:: Problem to solve ::
Repeat the following data exactly, omitting pictures.

:: Supplied information ::
···

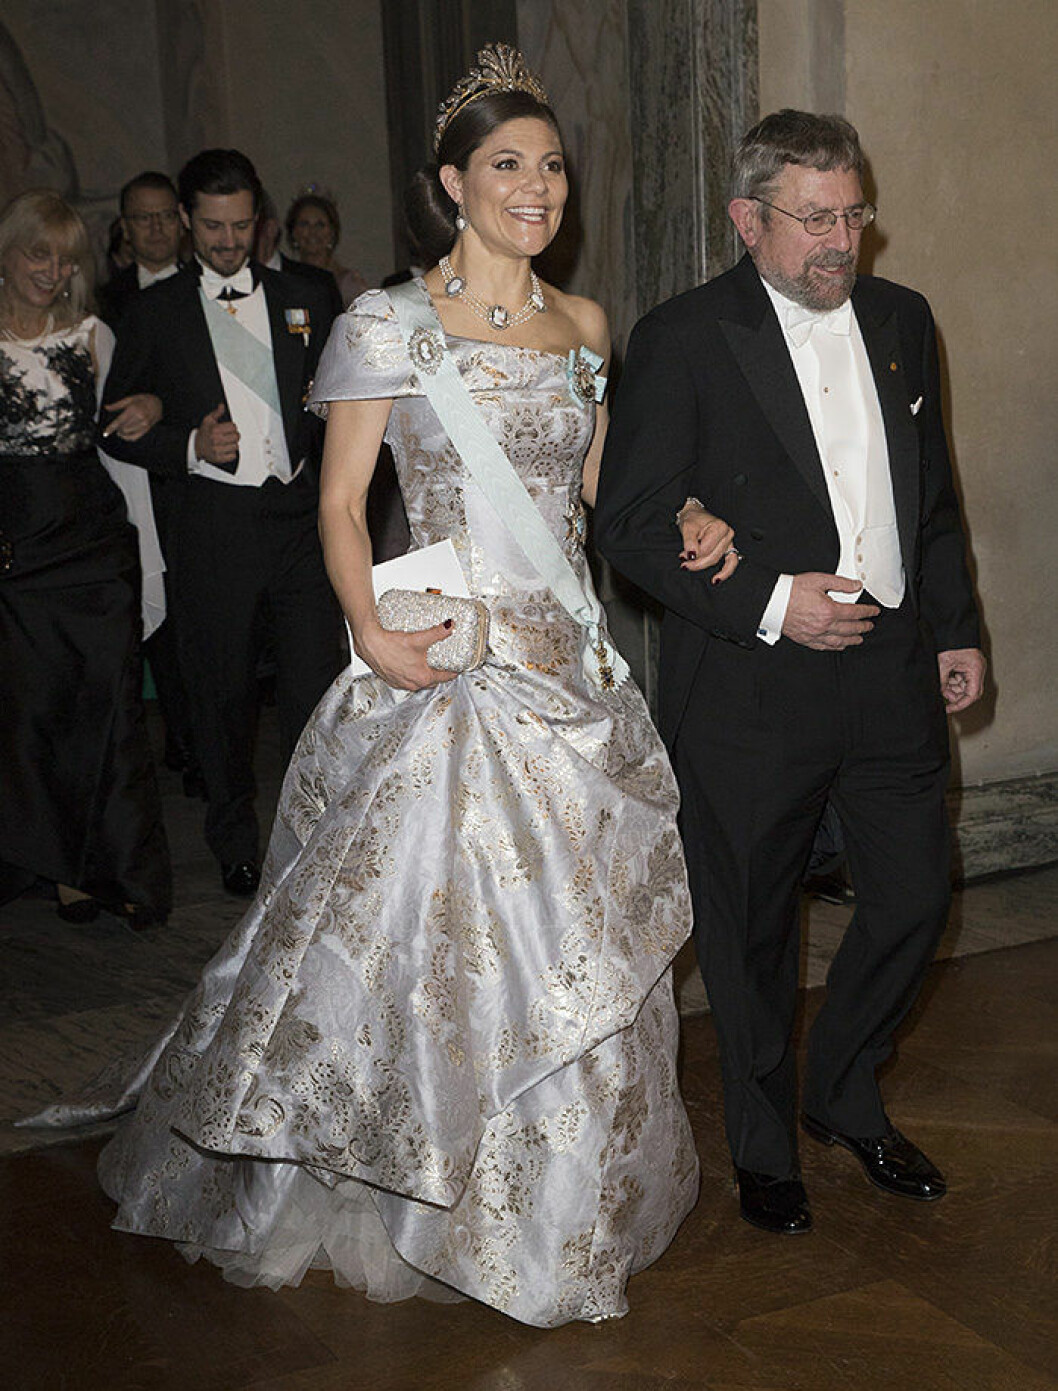 Crown princess Victoria, J. Michael Kosterlitz Nobel banquet, Stockholm City Hall, Stockholm 2016-12-10 (c) Charles Hammarsten / IBL Nobelbanketten, Stockholms Stadshus 2016-12-10
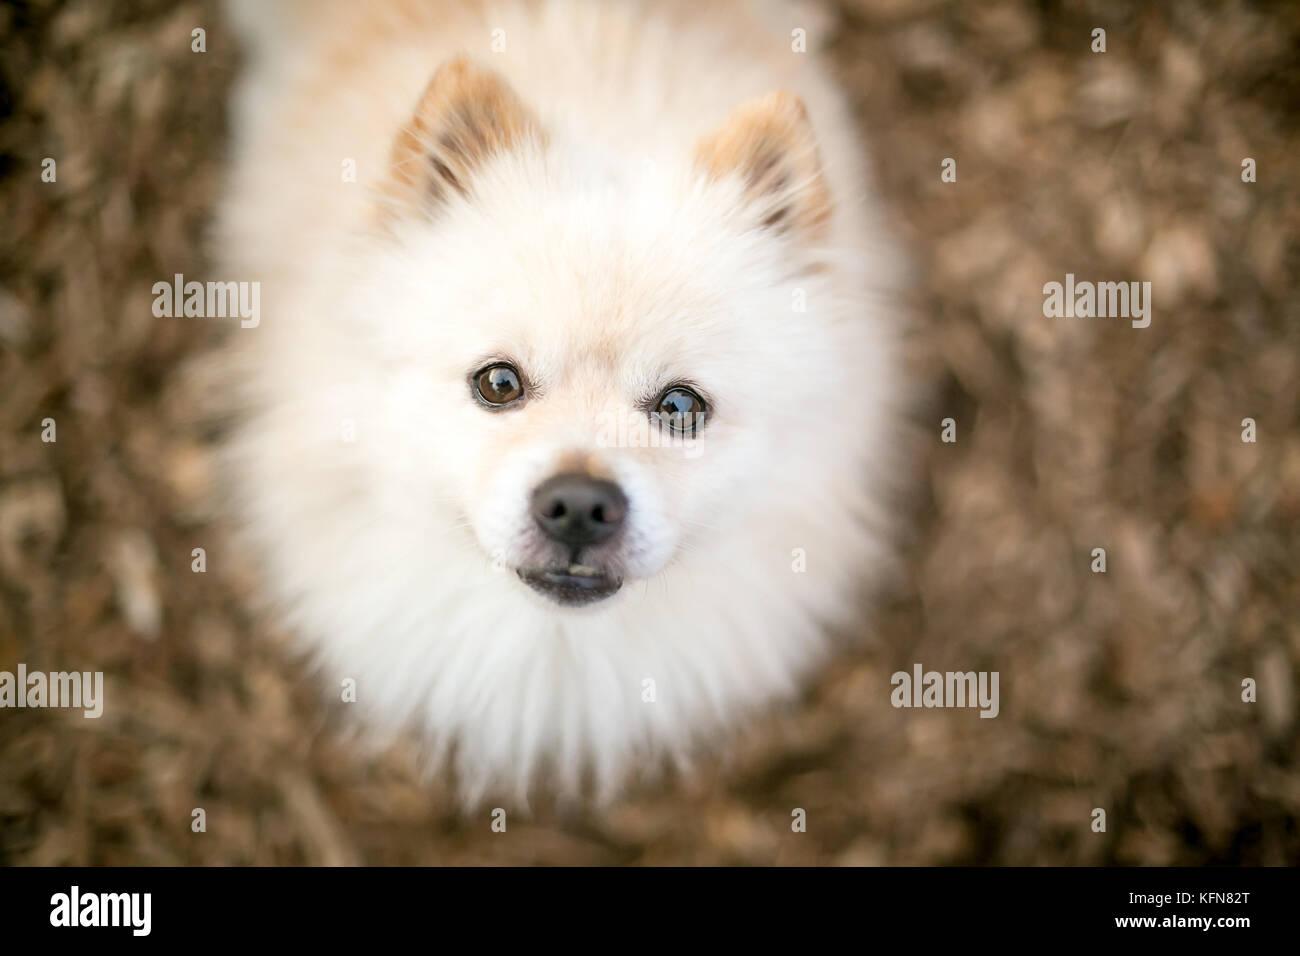 A Cream Colored Purebred Pomeranian Dog Stock Photo 164580496 Alamy
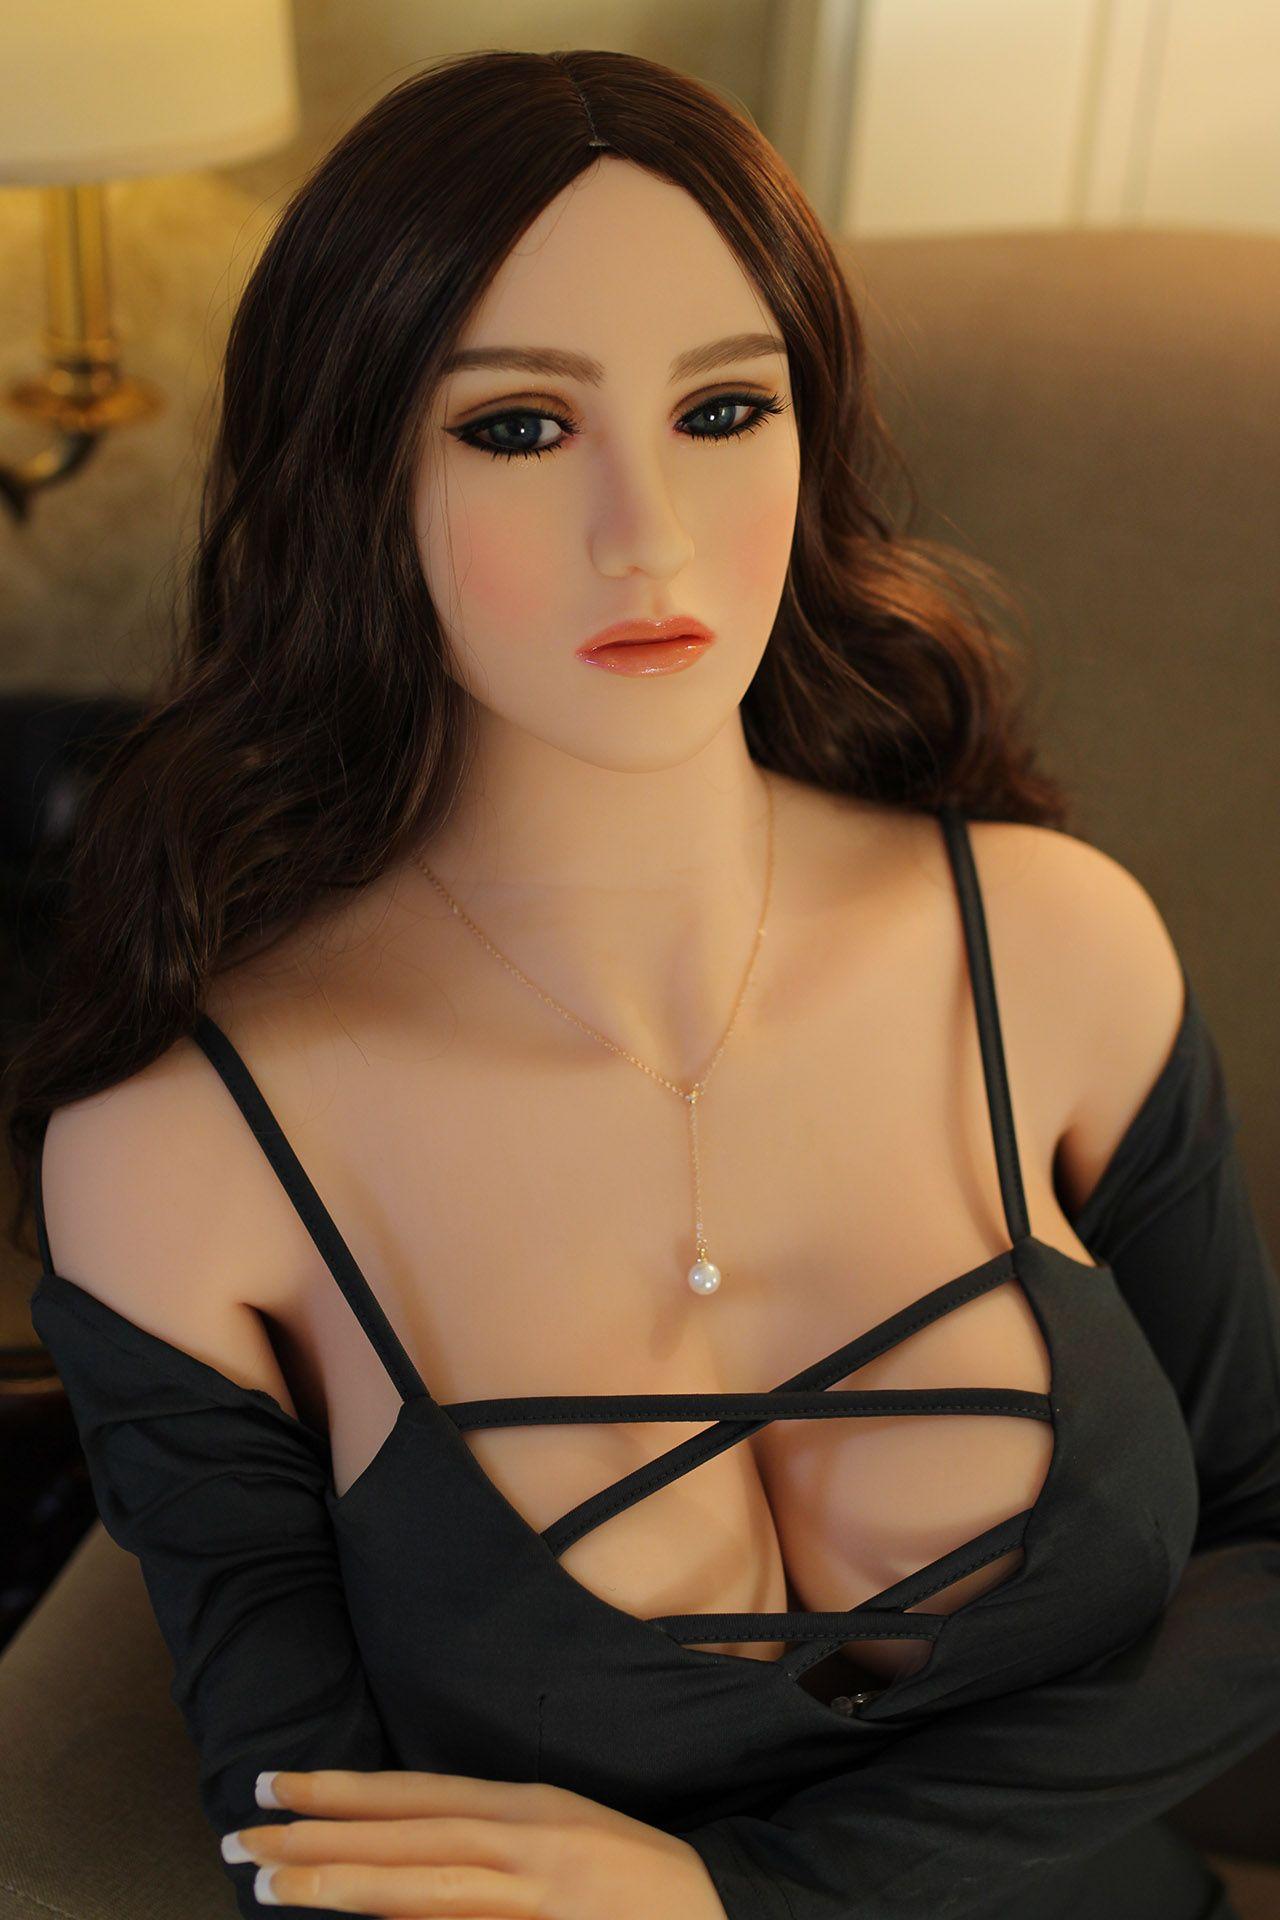 165cm Full Body Sex Doll Metal Skeleton Real Love Doll Anal Vagina Oral Male Masturbator Sex Toys for Women

···

:: Solution to the problem ::
 Crown princess Victoria, J. Michael Kosterlitz Nobel banquet, Stockholm City Hall, Stockholm 2016-12-10 (c) Charles Hammarsten / IBL Nobelbanketten, Stockholms Stadshus 2016-12-10
 A Cream Colored Purebred Pomeranian Dog Stock Photo 164580496 Alamy
 165cm Full Body Sex Doll Metal Skeleton Real Love Doll Anal Vagina Oral Male Masturbator Sex Toys for Women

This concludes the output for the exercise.